Useful for solving a variety of different problems and merely simplifying the website management process, check out these fantastic plugins. You’ll be glad you did.

WordPress Plugins that are Essential

Jetpack

Jetpack is a master plugin that provides a wide range of features from security to user retention to content. You can customize your site, add themes, manage content, implement secure logins, analyze the performance, and know the user retention with just this powerful plugin. You can install Jetpack as a single plugin and enable each of the features individually.

Akismet

Akismet is one of the most popular and most preferred WordPress plugins used to secure your website from spam comments. It is completely different from other types of plugins used to prevent spamming. Akismet is actually a web-based service which uses their own system to scan comments on your website.

Broken Link Checker

Google doesn’t like to stumble upon broken links on your site. This must-have plugin scours your website looking for broken links, missing images, and redirects. It checks your pages, pages, posts, and even comments then notifies you in the Dashboard or by email.

Wordfence

This must-have plugin helps keep your site safe and secure.

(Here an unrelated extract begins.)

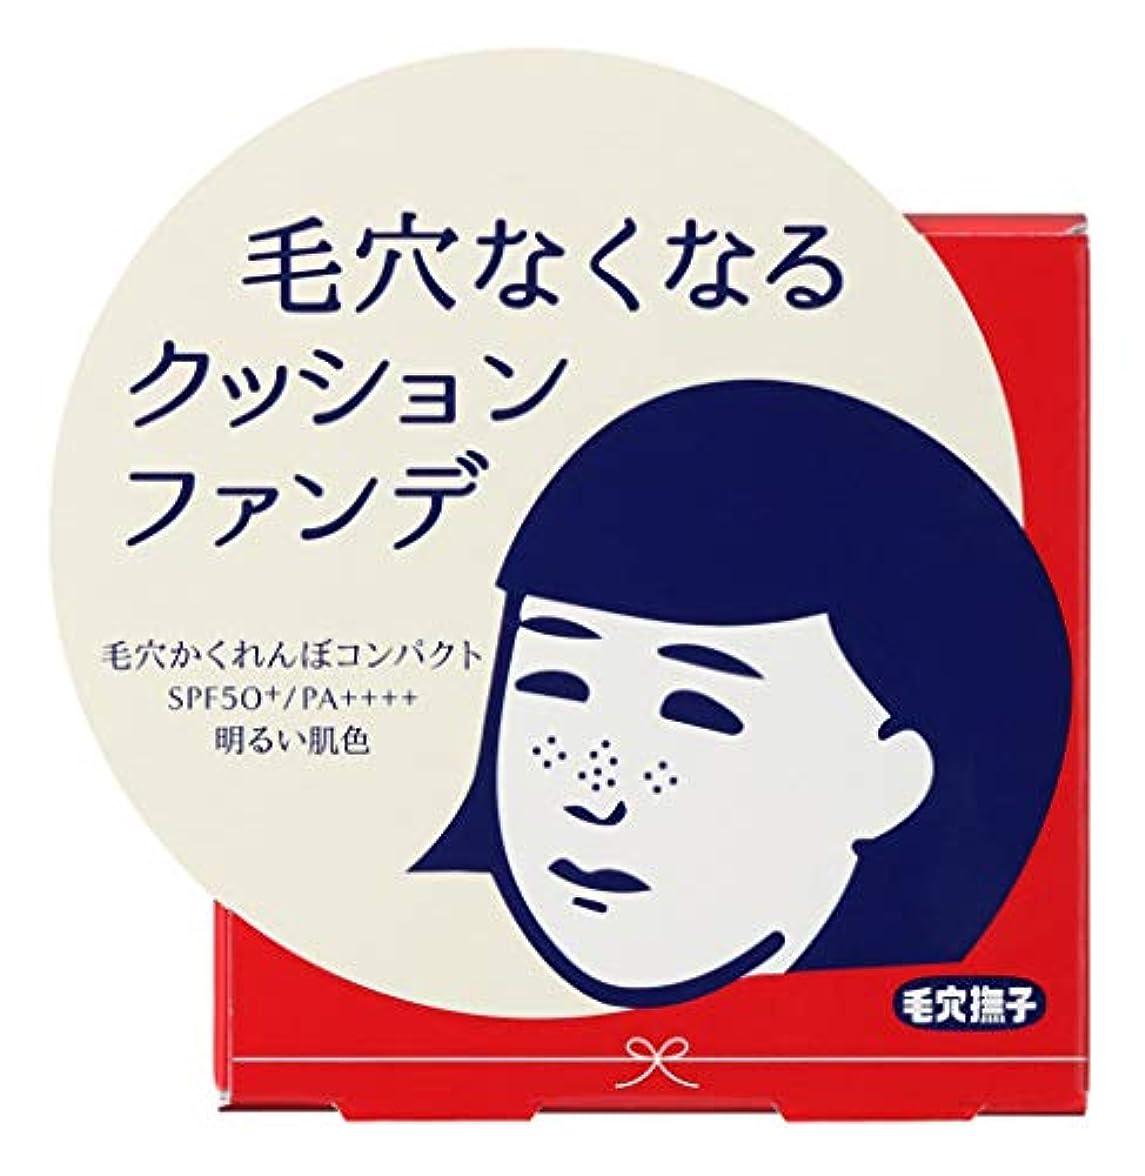 鉄従うマント毛穴撫子 毛穴かくれんぼコンパクト(明るい肌色)

It keeps track of everything that’s happening on your site, and alerts you whenever anything suspicious takes place. In short, this is the most complete security plugin as it protects your WordPress site from being compromised.

W3 Total Cache

W3 Total Cache is one of finest WordPress plugins out there. Site performance is crucial to ranking higher on Google. If a site loads faster, visitors are more likely to stick around.

W3 Total Cache enables caching on your website and makes sure that your website loads faster. Static resources such as theme files, configuration files, etc. are compressed and loaded faster than usual, providing you the necessary juice for better user experience.

Yoast SEO

Yoast SEO (formerly known as WordPress SEO by Yoast) is one of the most popular WordPress plugins. This heavy hitter allows you to optimize your WordPress site for search engines.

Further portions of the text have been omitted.